__What you need to do__.
Which lines below include the string "centimeters"? Please show each one.

__Data__.
○ ○ ○ ○
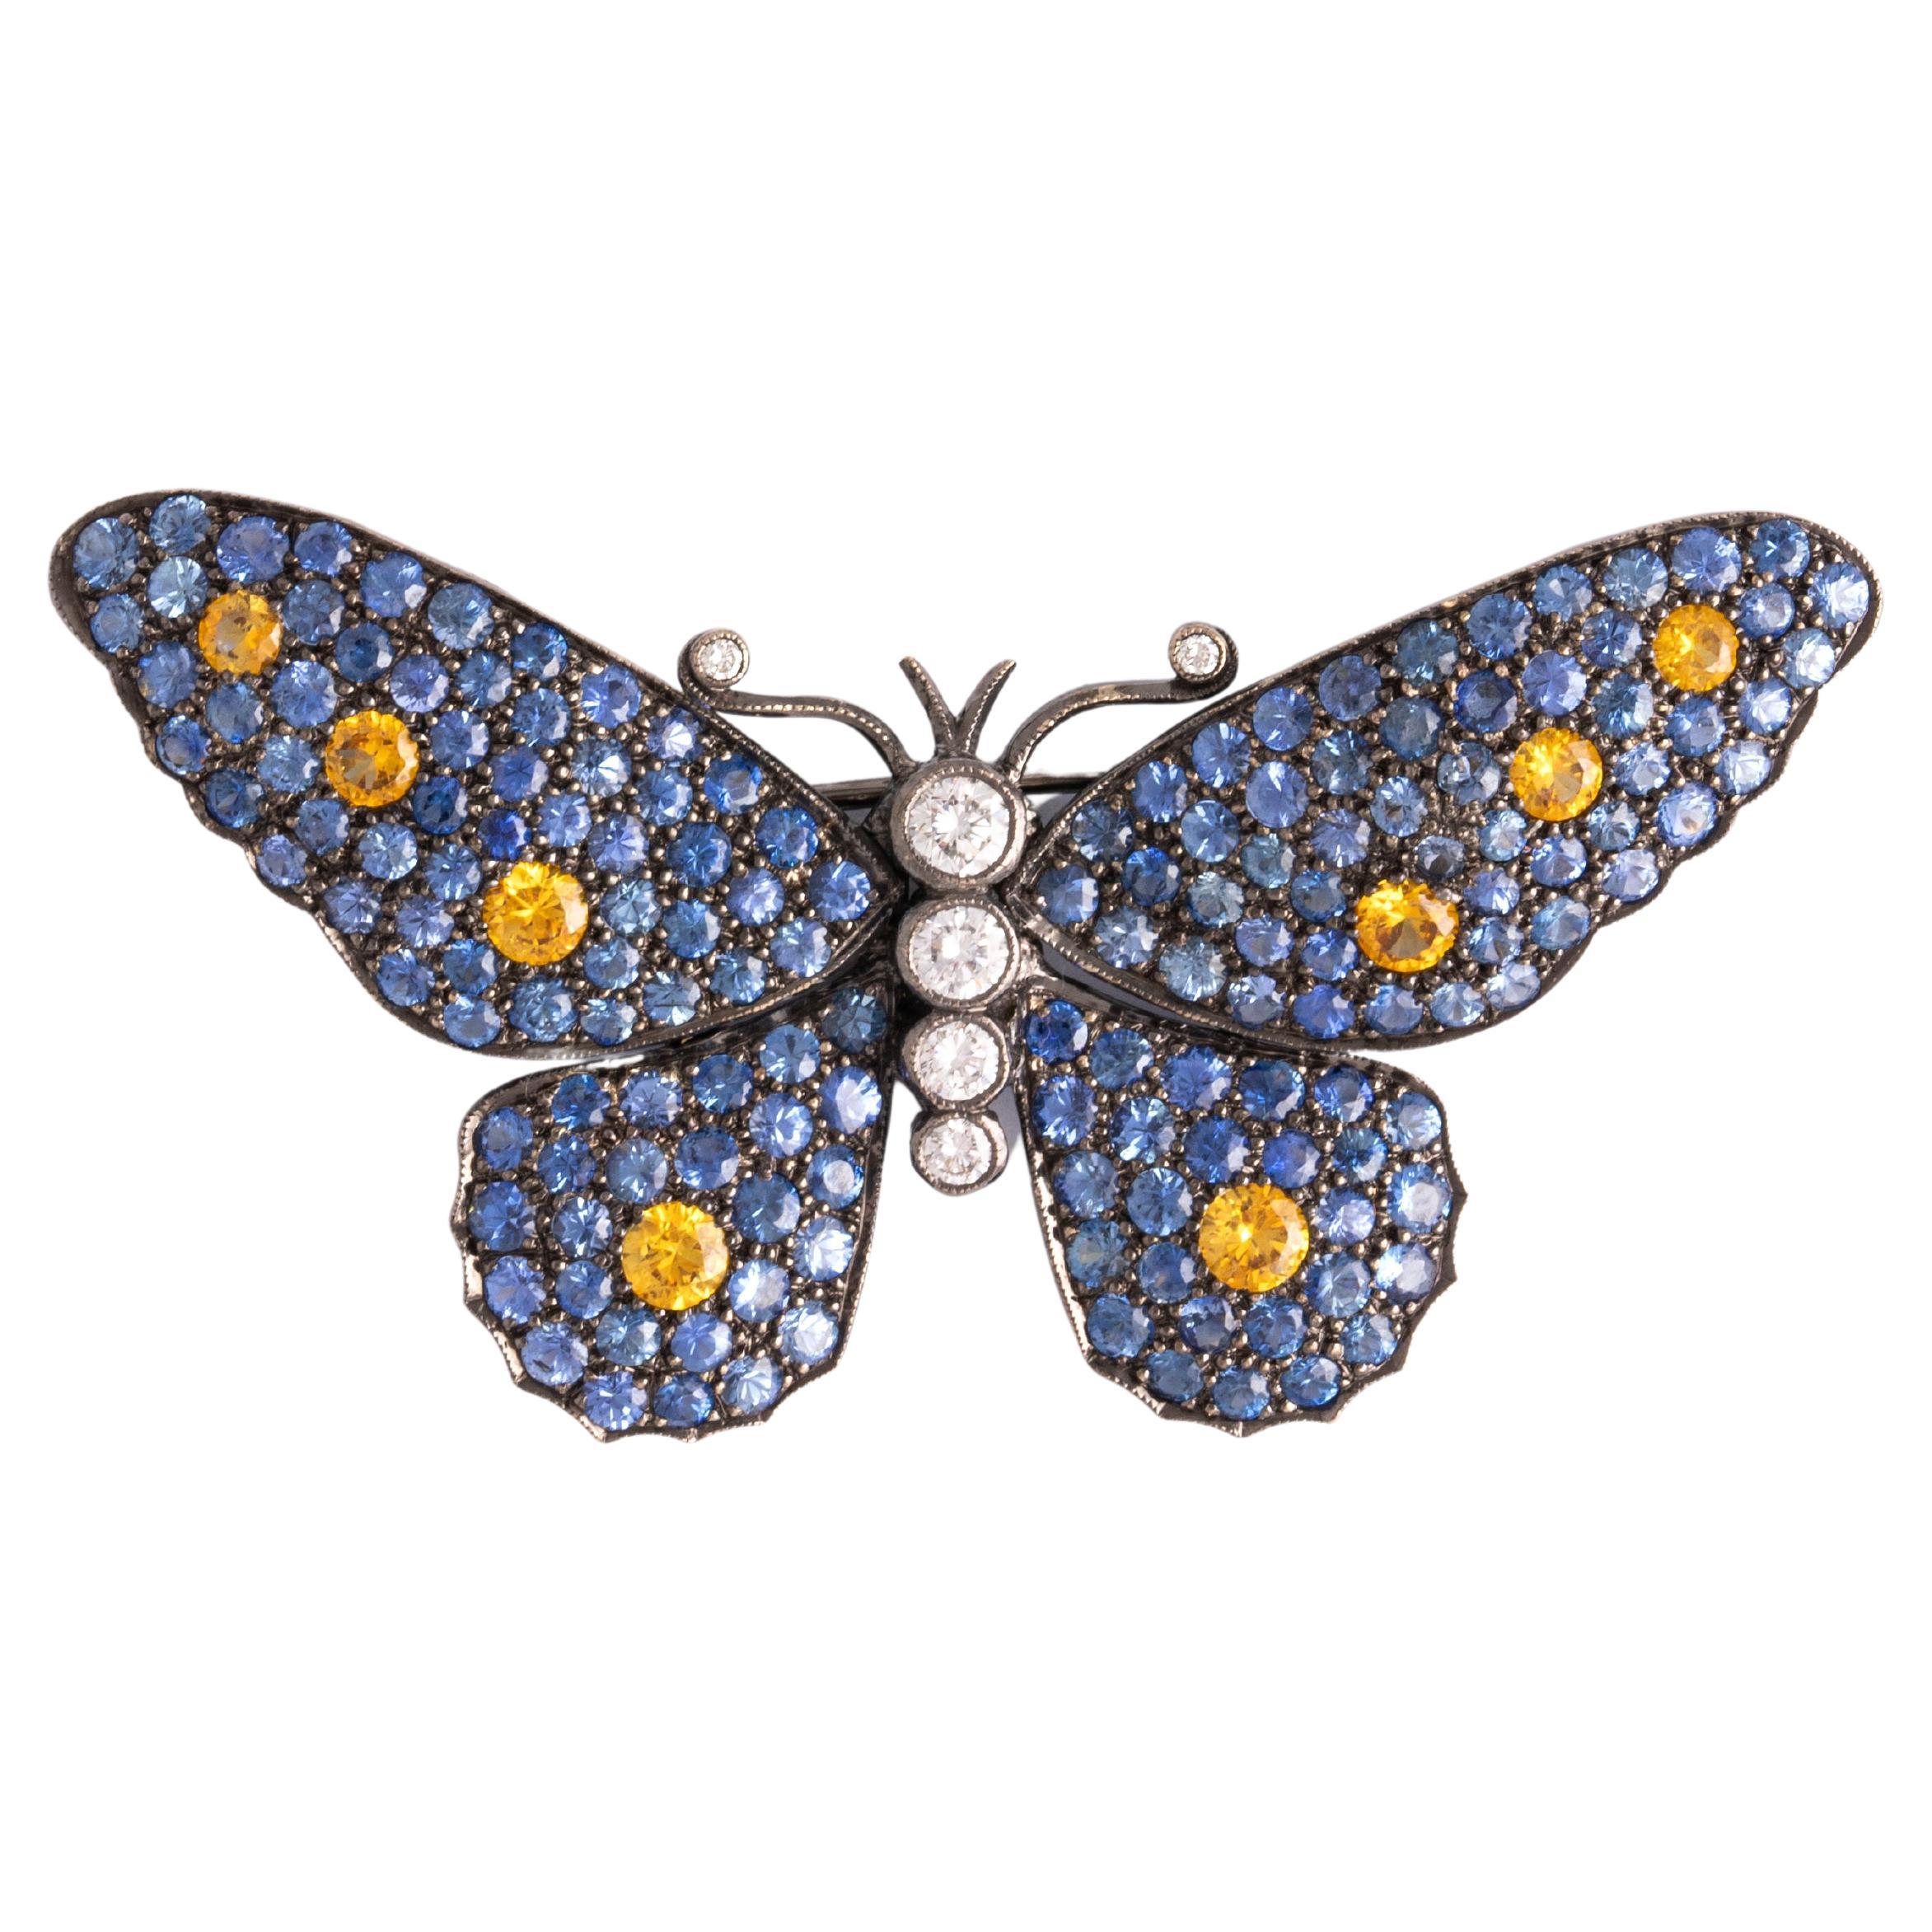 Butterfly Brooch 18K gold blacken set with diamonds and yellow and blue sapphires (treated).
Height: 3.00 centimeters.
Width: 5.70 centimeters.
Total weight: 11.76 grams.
○ ○ ○ ○
__Completed exercise__.
Height: 3.00 centimeters.
Width: 5.70 centimeters.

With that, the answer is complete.